- THE TASK: This calls for a word-for-word copy of all the data, with each picture removed.

(Beginning of INPUT DATA)

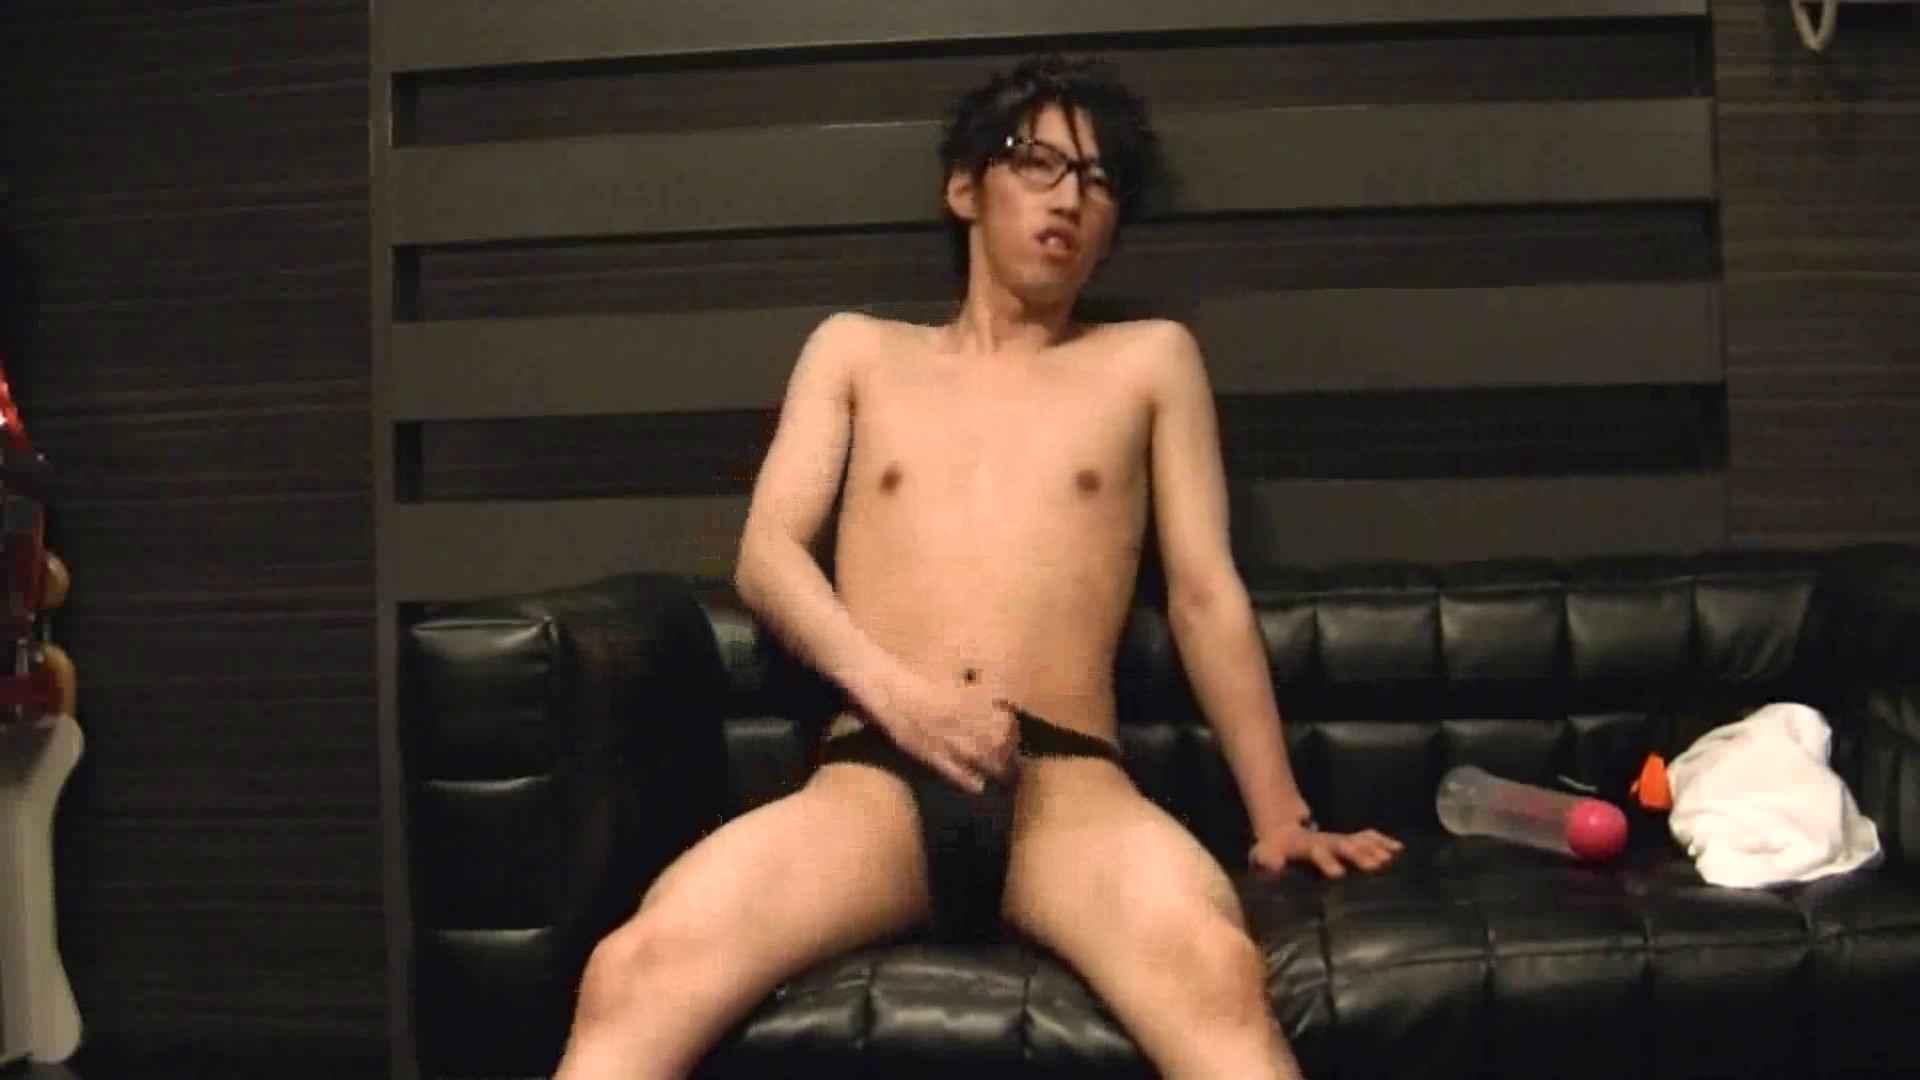 ONA見せカーニバル!! Vol3 男 ゲイ無料無修正画像 89枚 51
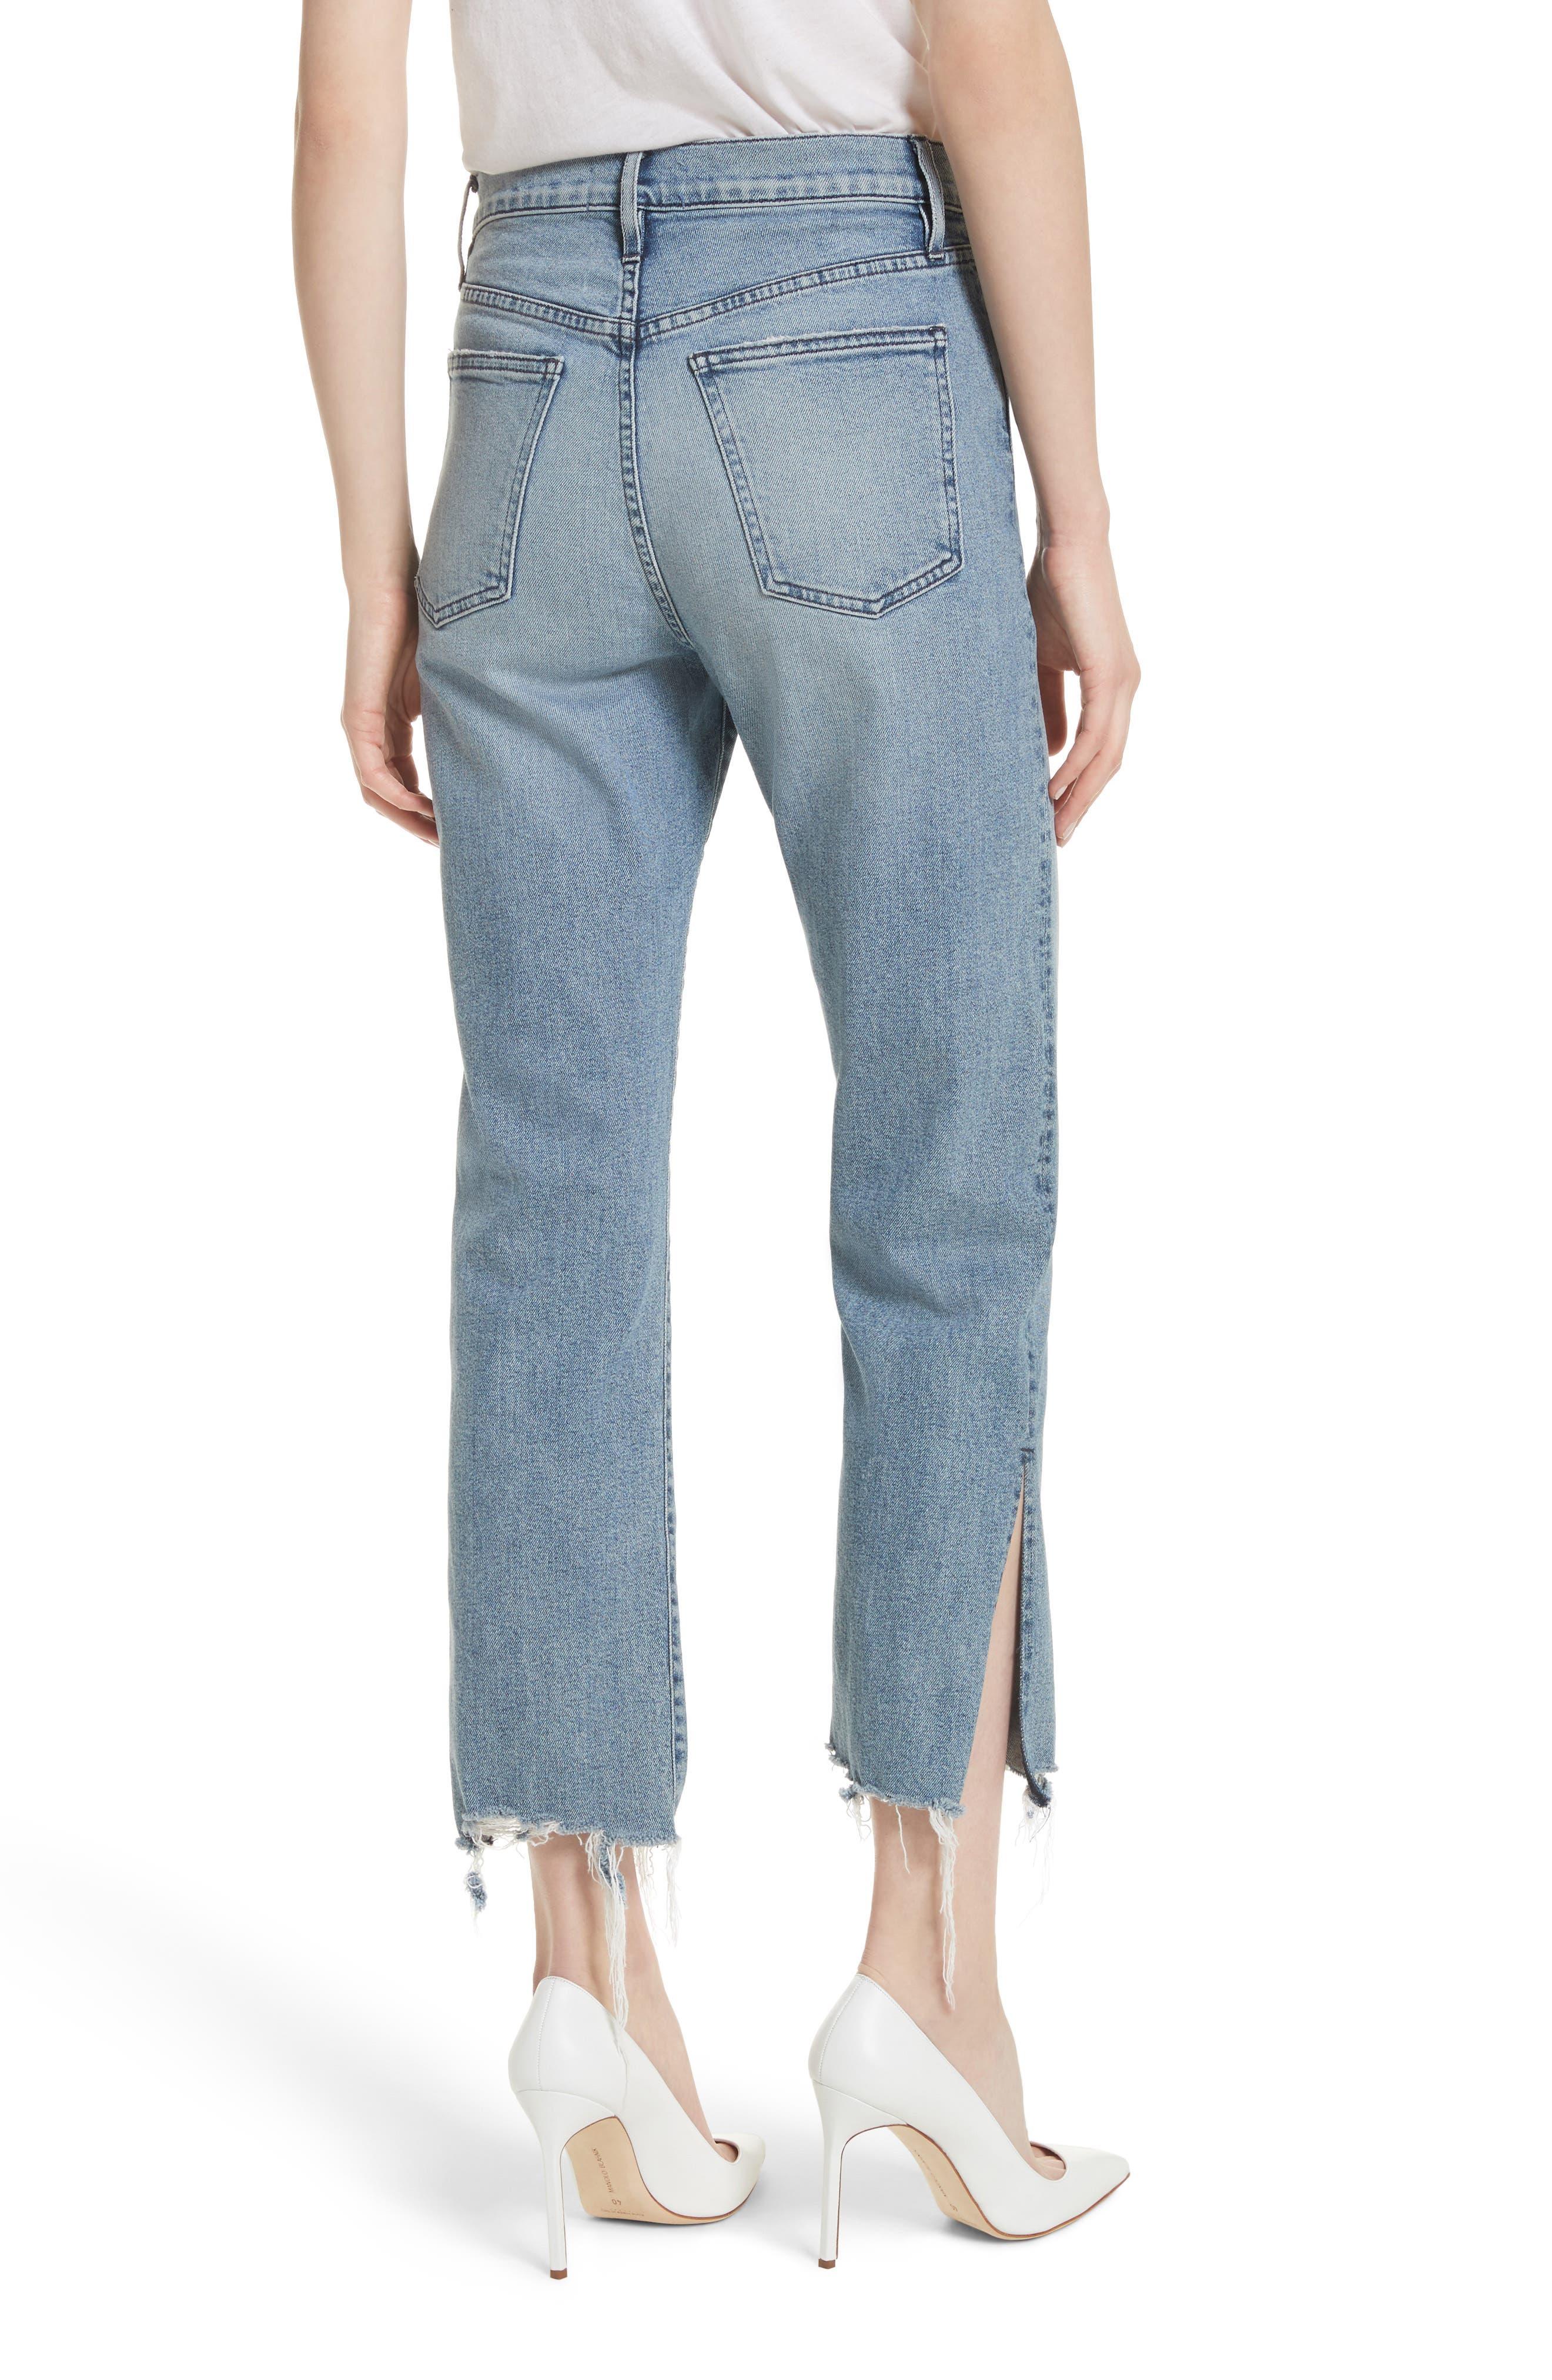 W3 Higher Ground Side Split Ankle Straight Leg Jeans,                             Alternate thumbnail 2, color,                             428
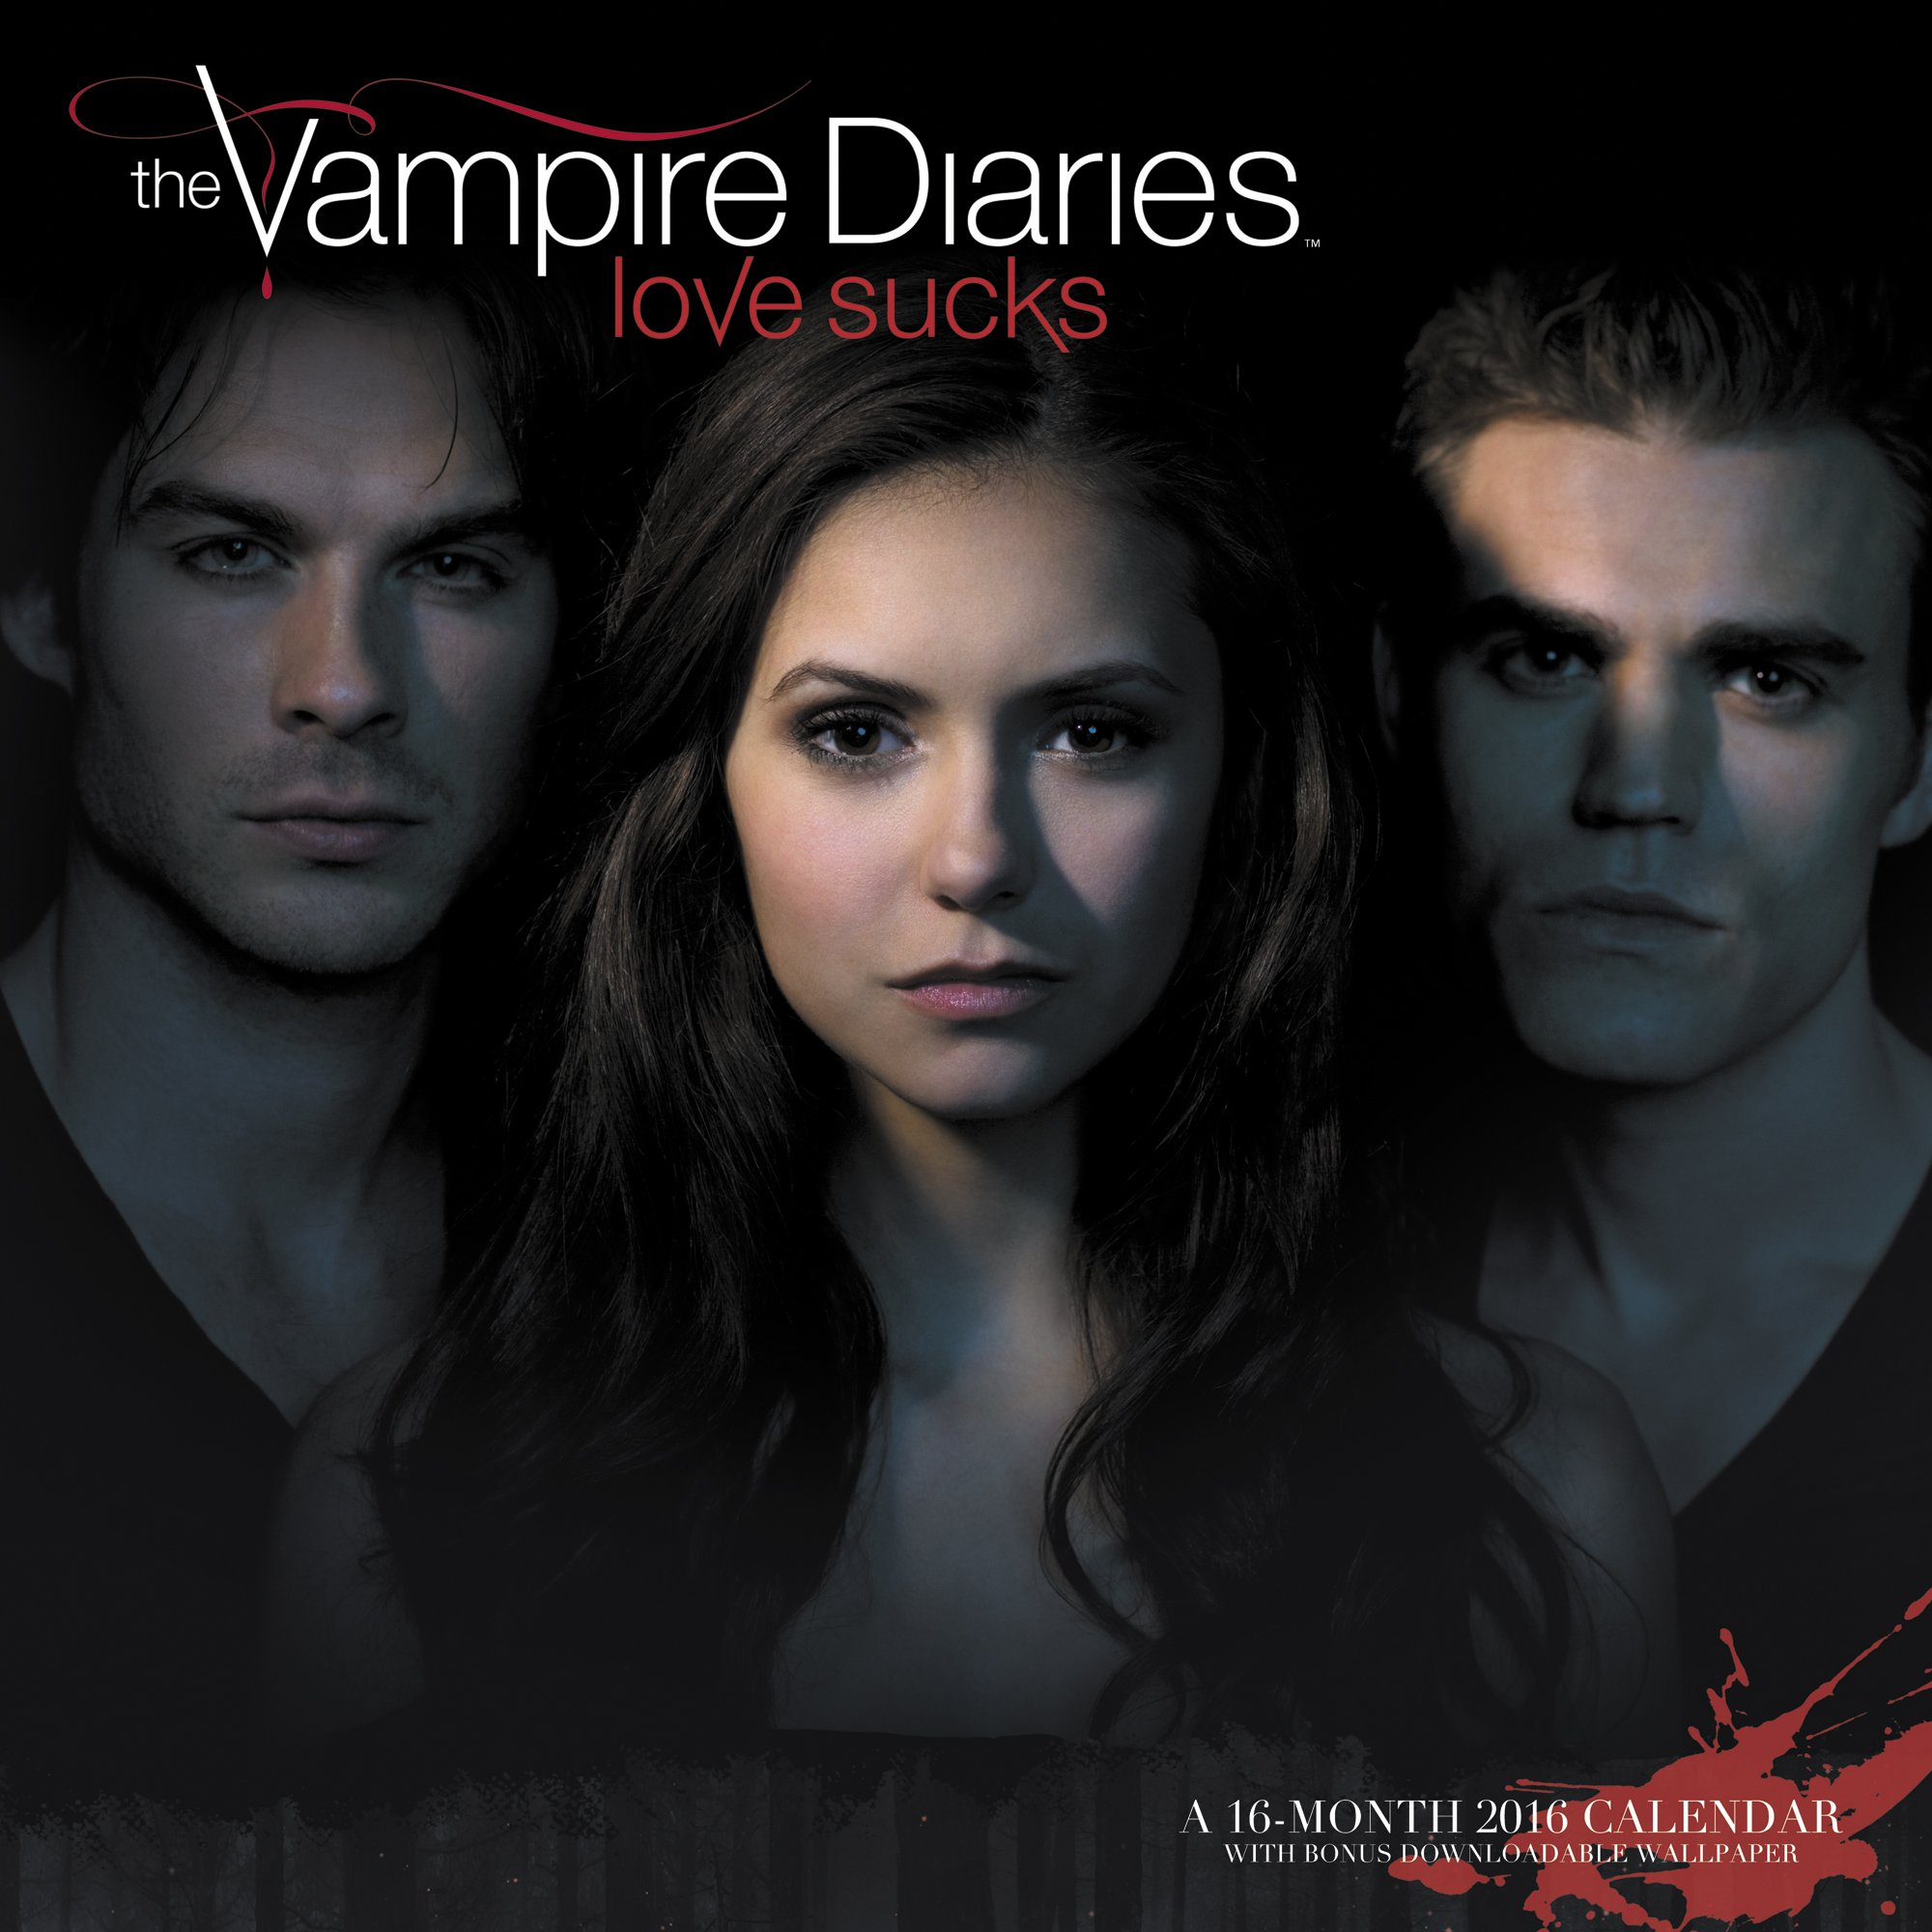 Vampire Diaries 2016 Calendar: Amazon.es: ACCO Brands ...

(End of INPUT DATA)

- COMPLETED EXERCISE:
 ONA見せカーニバル!! Vol3 男 ゲイ無料無修正画像 89枚 51
 W3 Higher Ground Side Split Ankle Straight Leg Jeans,                             Alternate thumbnail 2, color,                             428
 Vampire Diaries 2016 Calendar: Amazon.es: ACCO Brands ...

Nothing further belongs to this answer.